Work request - The entries below contain a line with "DR. SQUATCH NEW" and a line with "Fitness Akebi no". Quote exactly those two lines and all lines between them.

Exercise inputs -
————————

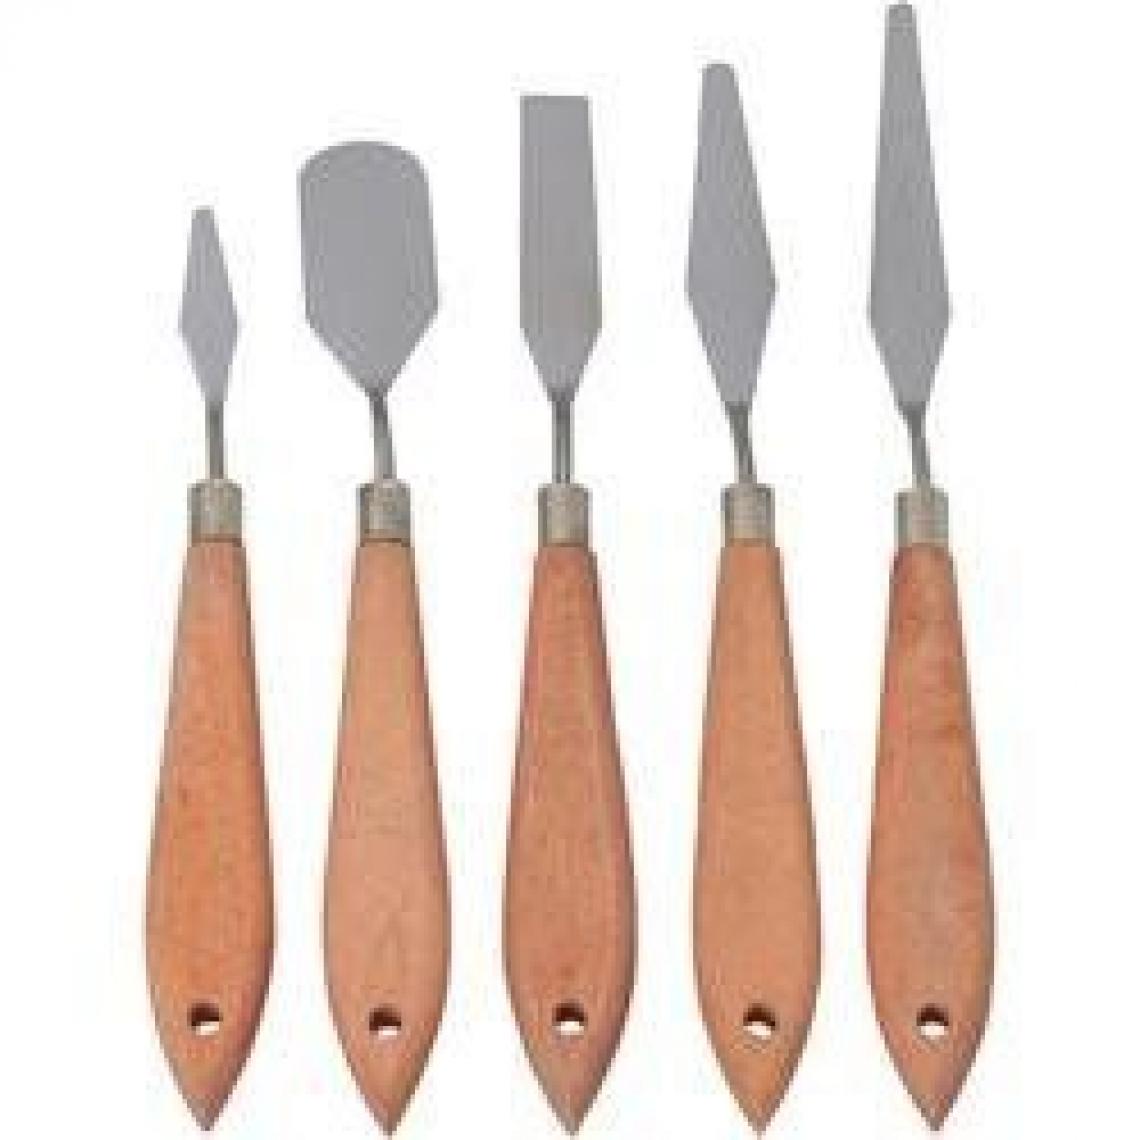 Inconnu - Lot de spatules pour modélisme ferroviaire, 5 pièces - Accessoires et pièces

————————

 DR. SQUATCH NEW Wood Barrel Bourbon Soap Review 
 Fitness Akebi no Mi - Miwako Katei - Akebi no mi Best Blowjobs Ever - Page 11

————————

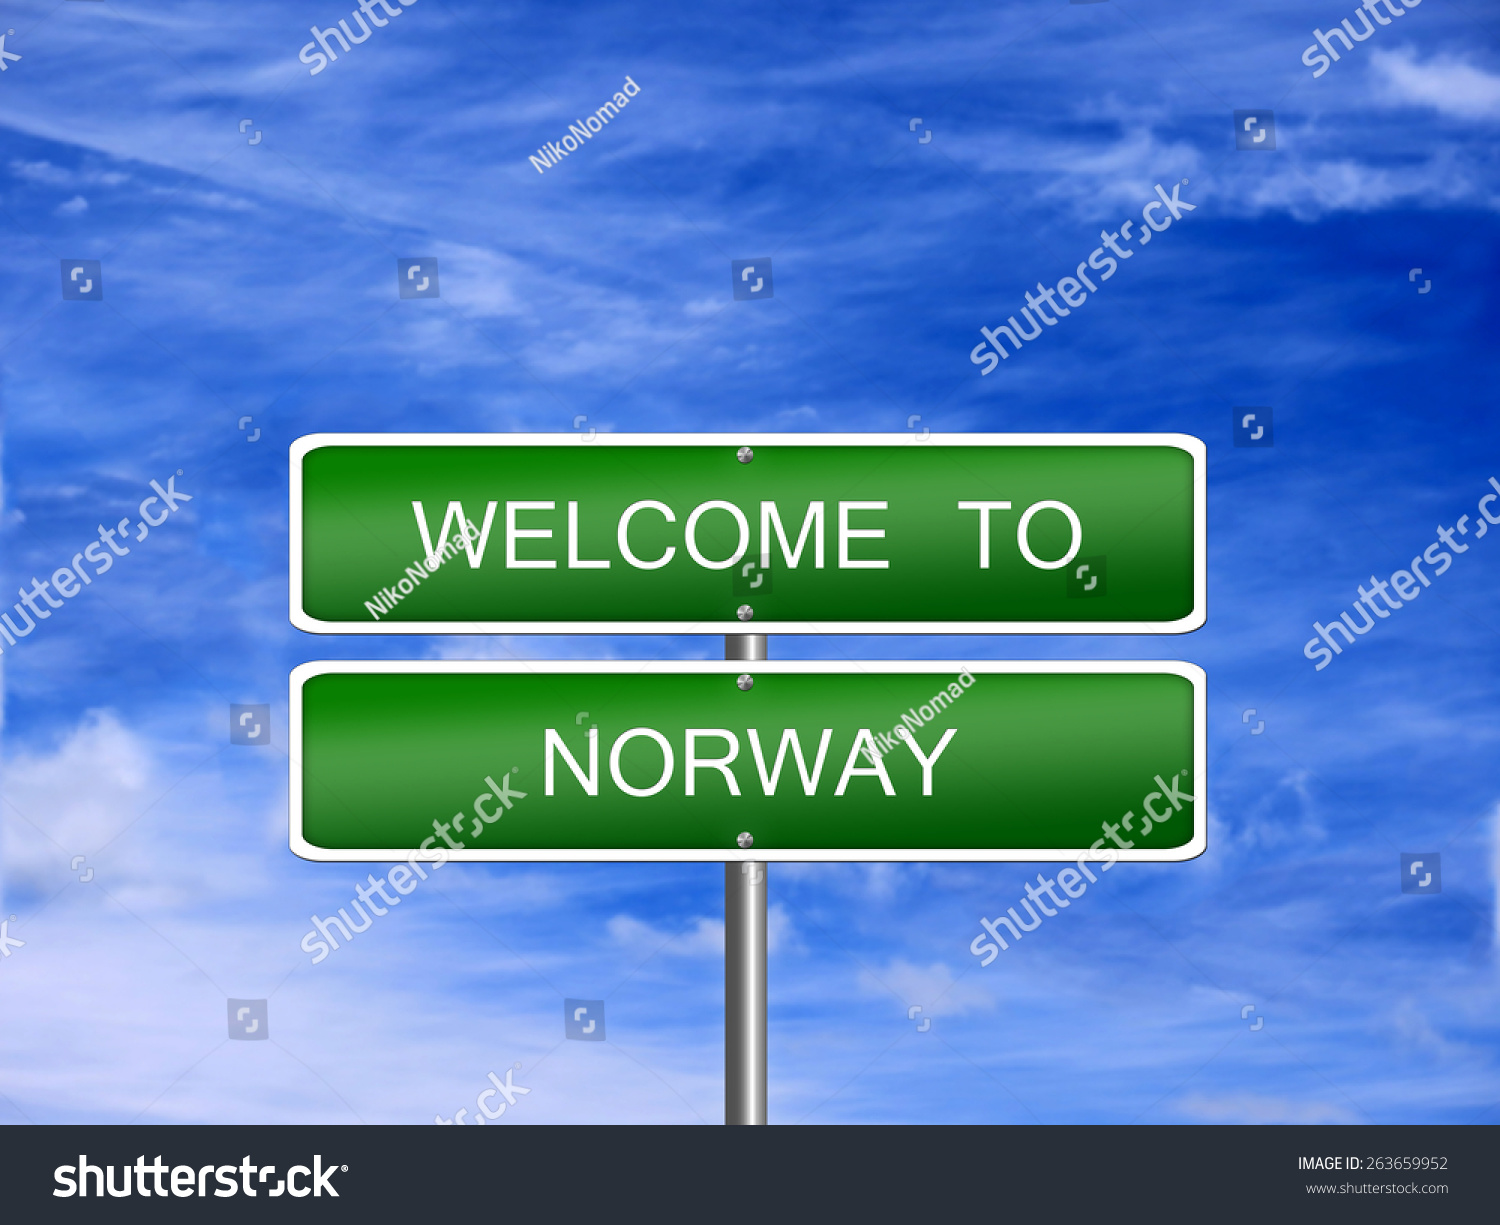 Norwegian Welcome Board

————————

Task response -
 DR. SQUATCH NEW Wood Barrel Bourbon Soap Review 
 Fitness Akebi no Mi - Miwako Katei - Akebi no mi Best Blowjobs Ever - Page 11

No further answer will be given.